__TASK INSTRUCTIONS__. Look through the data below for the line with "5 Trains Beautiful" and the line with "Selection of Striped", then output those two and all lines in between, exactly as written.
===== TASK DATA
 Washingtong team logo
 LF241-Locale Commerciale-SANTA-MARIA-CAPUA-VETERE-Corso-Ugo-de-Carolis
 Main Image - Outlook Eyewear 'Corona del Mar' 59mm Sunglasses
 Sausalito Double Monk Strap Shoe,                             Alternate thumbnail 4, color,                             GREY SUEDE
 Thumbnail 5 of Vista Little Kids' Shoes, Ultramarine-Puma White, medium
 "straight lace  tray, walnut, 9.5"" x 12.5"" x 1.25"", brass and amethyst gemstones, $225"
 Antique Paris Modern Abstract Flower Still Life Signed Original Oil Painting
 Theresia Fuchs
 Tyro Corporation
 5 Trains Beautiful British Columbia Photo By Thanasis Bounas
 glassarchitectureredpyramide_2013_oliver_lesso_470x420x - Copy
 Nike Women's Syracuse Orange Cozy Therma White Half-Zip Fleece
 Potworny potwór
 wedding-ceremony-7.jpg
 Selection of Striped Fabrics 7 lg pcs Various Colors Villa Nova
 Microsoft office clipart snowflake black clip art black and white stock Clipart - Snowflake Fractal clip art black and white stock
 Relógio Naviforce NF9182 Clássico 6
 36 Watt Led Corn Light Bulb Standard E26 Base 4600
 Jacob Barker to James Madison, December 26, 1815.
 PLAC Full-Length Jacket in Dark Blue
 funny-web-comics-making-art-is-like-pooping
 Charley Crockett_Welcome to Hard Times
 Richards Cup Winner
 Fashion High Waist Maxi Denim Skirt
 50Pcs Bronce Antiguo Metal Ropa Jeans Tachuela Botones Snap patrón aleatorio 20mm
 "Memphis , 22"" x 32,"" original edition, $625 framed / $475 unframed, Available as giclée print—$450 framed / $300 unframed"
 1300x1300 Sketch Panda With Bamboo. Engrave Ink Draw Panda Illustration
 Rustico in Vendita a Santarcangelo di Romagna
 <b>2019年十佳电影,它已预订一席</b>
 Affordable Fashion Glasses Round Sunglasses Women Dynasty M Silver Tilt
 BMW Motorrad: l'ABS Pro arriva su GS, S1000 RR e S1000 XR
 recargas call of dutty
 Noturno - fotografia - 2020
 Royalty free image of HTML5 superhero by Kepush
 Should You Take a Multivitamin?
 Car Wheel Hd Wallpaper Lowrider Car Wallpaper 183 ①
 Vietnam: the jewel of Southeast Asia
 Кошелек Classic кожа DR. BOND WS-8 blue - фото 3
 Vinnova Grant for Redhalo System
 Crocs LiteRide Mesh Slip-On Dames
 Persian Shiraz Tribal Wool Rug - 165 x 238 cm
==========
__RESPONSE TO THE TASK__.
 5 Trains Beautiful British Columbia Photo By Thanasis Bounas
 glassarchitectureredpyramide_2013_oliver_lesso_470x420x - Copy
 Nike Women's Syracuse Orange Cozy Therma White Half-Zip Fleece
 Potworny potwór
 wedding-ceremony-7.jpg
 Selection of Striped Fabrics 7 lg pcs Various Colors Villa Nova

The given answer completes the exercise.